Curious how your spending and money management stack up? In this Wealth + HealthSM Diary, we talk to real folks just like you, who’ve shared their tales of spending, saving, and searching for loose change.
Today, we hear from Madison, a 25-year-old real estate broker who lives in Seattle. After graduating with a degree in philosophy and not finding a job in her field, she decided to take advantage of the booming real estate market and got her broker’s license. She and her partner plan to marry eventually, but no date is set. They love to escape the city on the weekends to hike and bike. Even though retirement seems a long way off, Madison would like to retire in her mid-60s.
Industry: Real estate
Housing costs: $1,500
Groceries and home supplies: $200
Dining out: $300
Loans: $150 student loans / $450 car loan
Health, dental, and vision insurance: $300
Auto, homeowner, and umbrella liability insurance: $75
Life insurance premium: $0
Lawn service: $0
Cell phone: $75
Gym membership: $100
Clothing, misc.: $350
Credit card debt payments: $300
Financial planner: $200
MONTHLY SAVINGS AND INVESTMENTS
Roth IRA: $50
Savings: $200 a month
Employer sponsored retirement plan: $0
OUR CHAT WITH MADISON
How difficult is it for you to put money away for retirement? Have you had to give up anything?

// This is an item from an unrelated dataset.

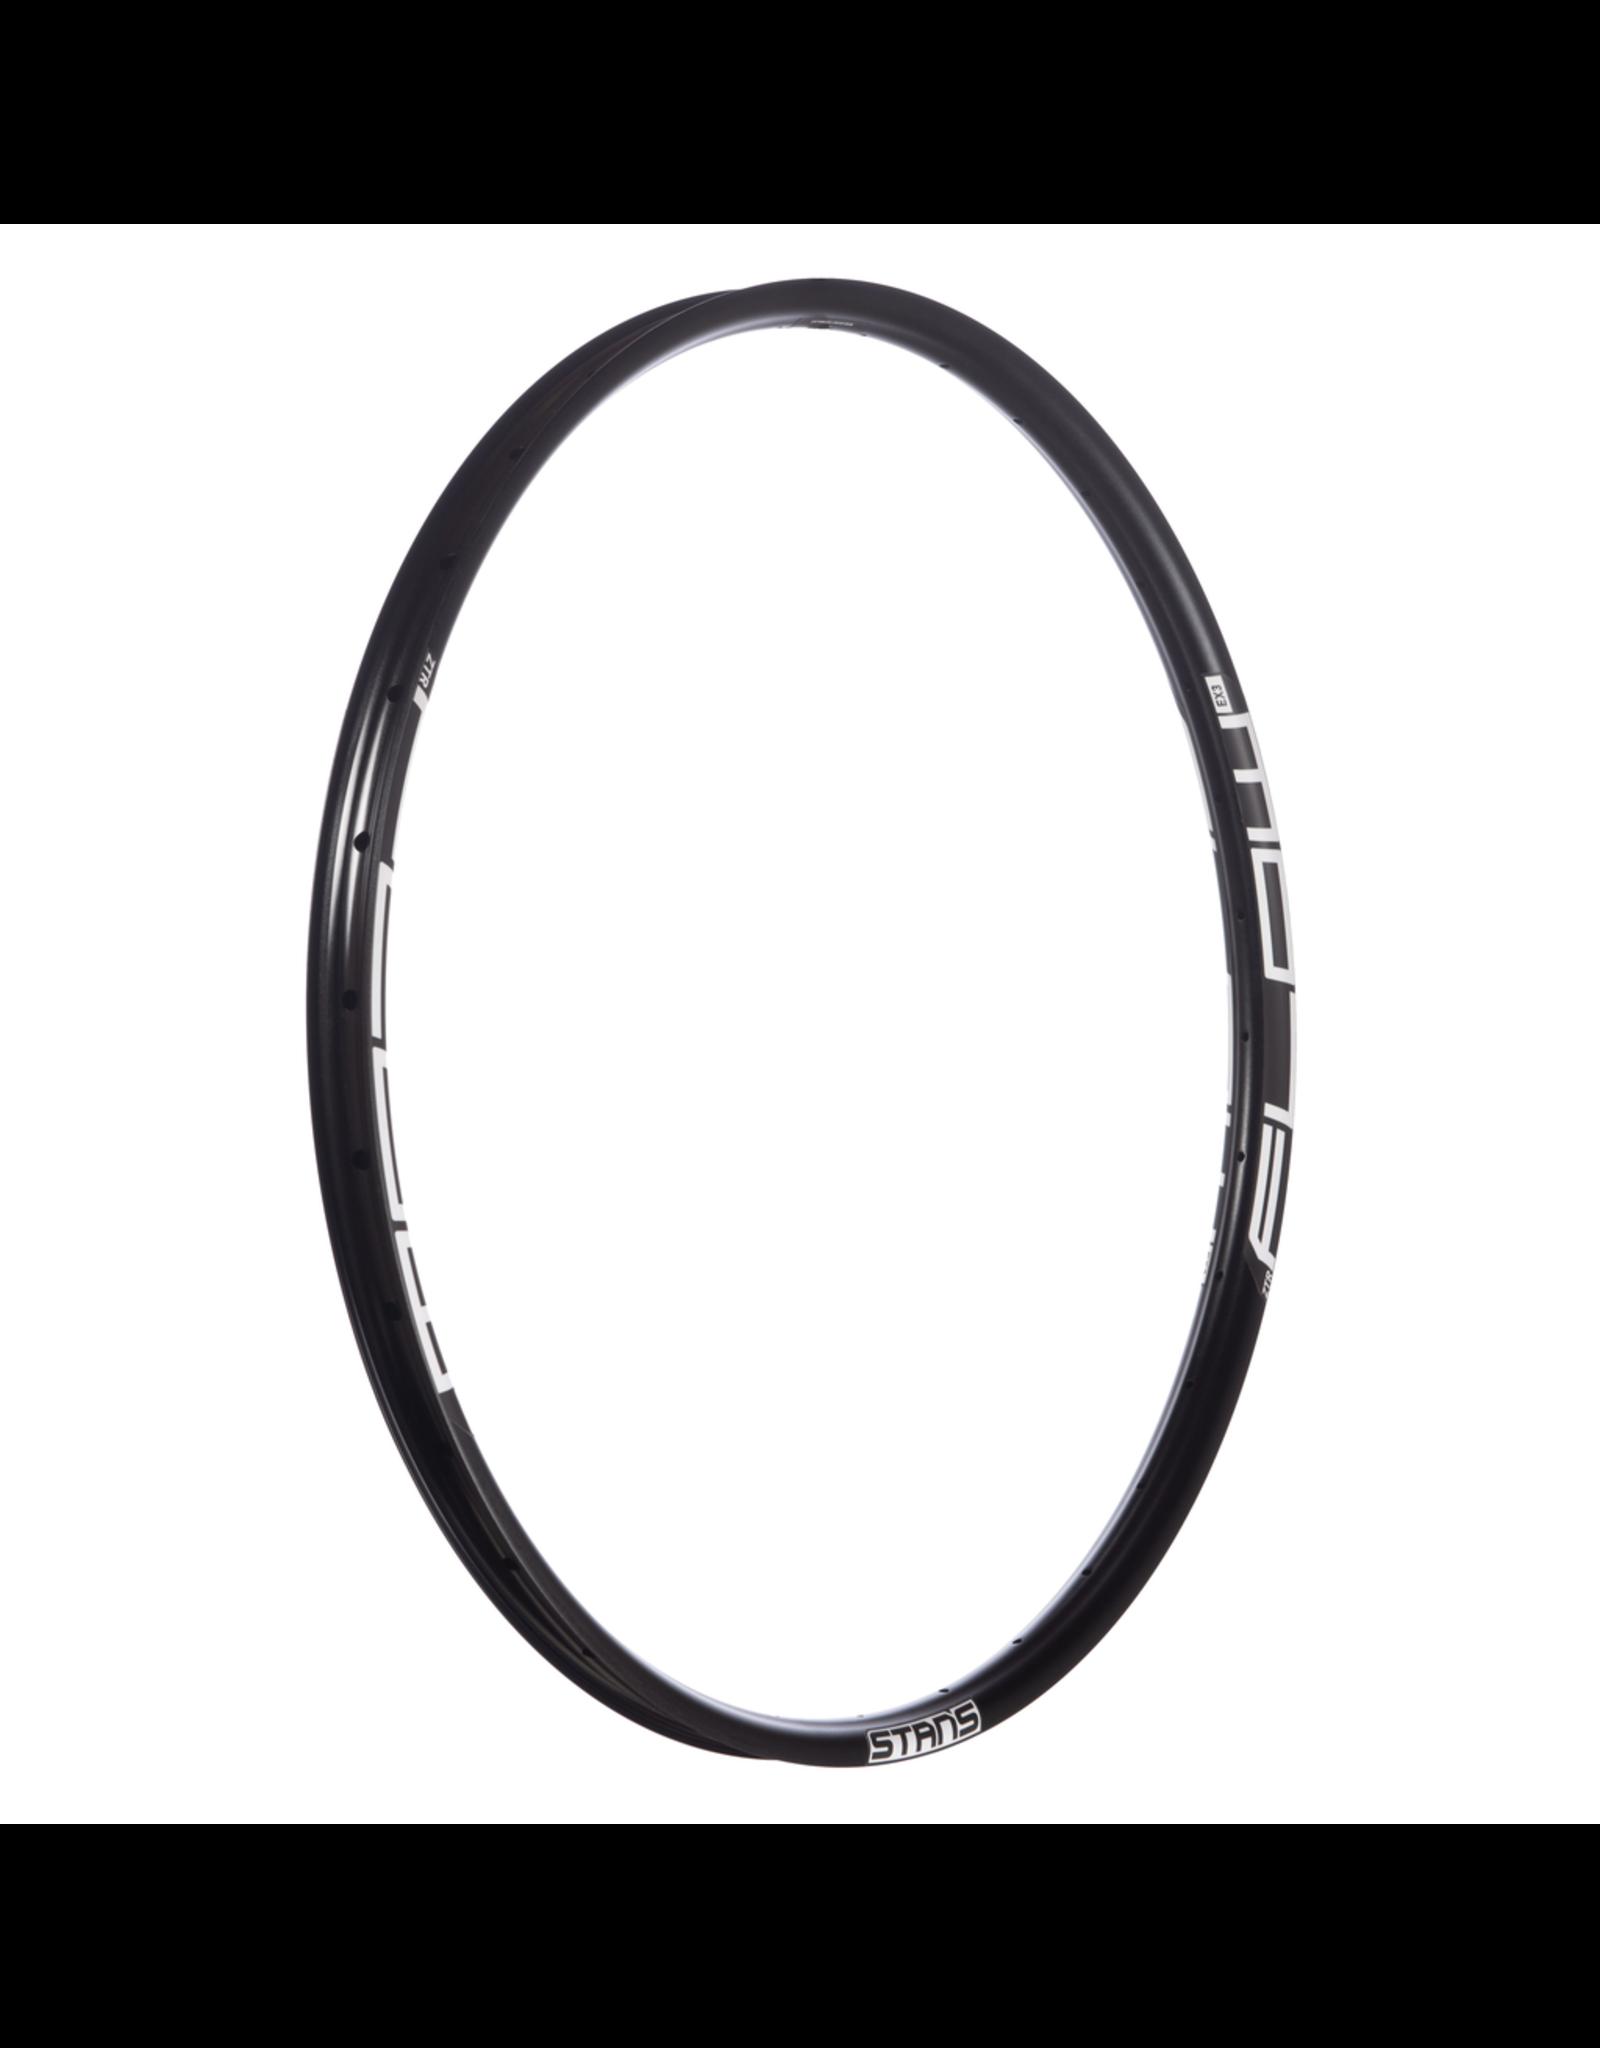 """Stans No Tubes RIM 27.5"""" STANS NOTUBES FLOW EX332H, BLACK DISC ISO ERD 564mm 584x29.0"""

My Roth individual retirement account (IRA) contributions are scheduled to come right out of my bank account each month, so that makes it pretty easy to save for retirement. My biggest challenge is the inconsistency in my monthly income since I’m in real estate. Plus, I want to be able to have enough saved to get through a dip should the market experience a downturn.
If you had to put away more money for your retirement, what would you cut out of your budget?
I should have my car paid off in three years, so my plan is to increase my retirement savings by my car payment amount. I’m also renting a loft in the city. I know I could reduce my living expenses if I found a starter home to purchase — plus, build up equity. Right now, I enjoy the benefits of city living, but eventually I think we’ll move to the suburbs and purchase a home. I really don’t like to cook, but I could reduce my dining out expenses, too.
What are your retirement goals? What age do you want to retire? What do you want to do in retirement?
I’d love to retire when I’m 65 and be a nomad for a while, exploring every corner of the United States. I think I’d still like to do some kind of work, but hopefully it will be more of a passion project that I can do from anywhere. I’ve always enjoyed writing, so maybe I’ll become an author. I also benefited from several mentors in my life, so I would like to pay it back and mentor others when I retire.
What does “health” mean to you?
Freedom. When I have my health, I have the physical and financial freedom to do just about anything. That’s why I hike and bike and find ways other than just going to the gym to stay active. I probably need to eat a little better and drink more water, but I’m a work in progress.
Are there luxuries that you always need to include in your budget? House cleaner? Grocery shopper?
I wouldn’t call it a luxury, but I moved away from my family when I moved to Seattle. When I did that, I told myself I would always go back for visits. So, paying for plane tickets a couple of times a year just to visit family is something I don’t want to give up.
Do you have a financial planner? If so, explain why your planner is valuable.
I recently started working with a financial planner who helped me navigate how to plan for my future when my monthly income fluctuates so much. We also discussed some investment options that I had never thought of, and I look forward to being able to build up some of those investments in the near future. My planner charges a set fee of $2,400 per year, which seems like a steep sum, but I look at it as an investment that will pay dividends down the road. As my portfolio grows, I’ll have the option to switch his fees to a percentage of the money under management, or to continue on an hourly or yearly set fee. I like that flexibility.
In addition to saving for retirement, what are some of the big picture items you want to invest in?
Well, I definitely want to buy a home within the next five years. And, I’ve always dreamed of having a vacation home on the lake where my family could all be together. That dream is down the road for sure, but it’s something I would love to invest in at some point.
What intimidates you about planning for retirement?
I guess for me it’s the unknowns. Will I have kids or not? Will I stick with real estate until I retire? Who knows? I’m focused on getting my student and car loans paid off, so I can start planning for bigger things down the road.
THE WRAP UP
Madison isn’t afraid to change up her plans to create a better life — like she did when she went into real estate. While her focus at the moment is enjoying life in the city, she is working to pay off loans, so she can shift that money into investments and her retirement.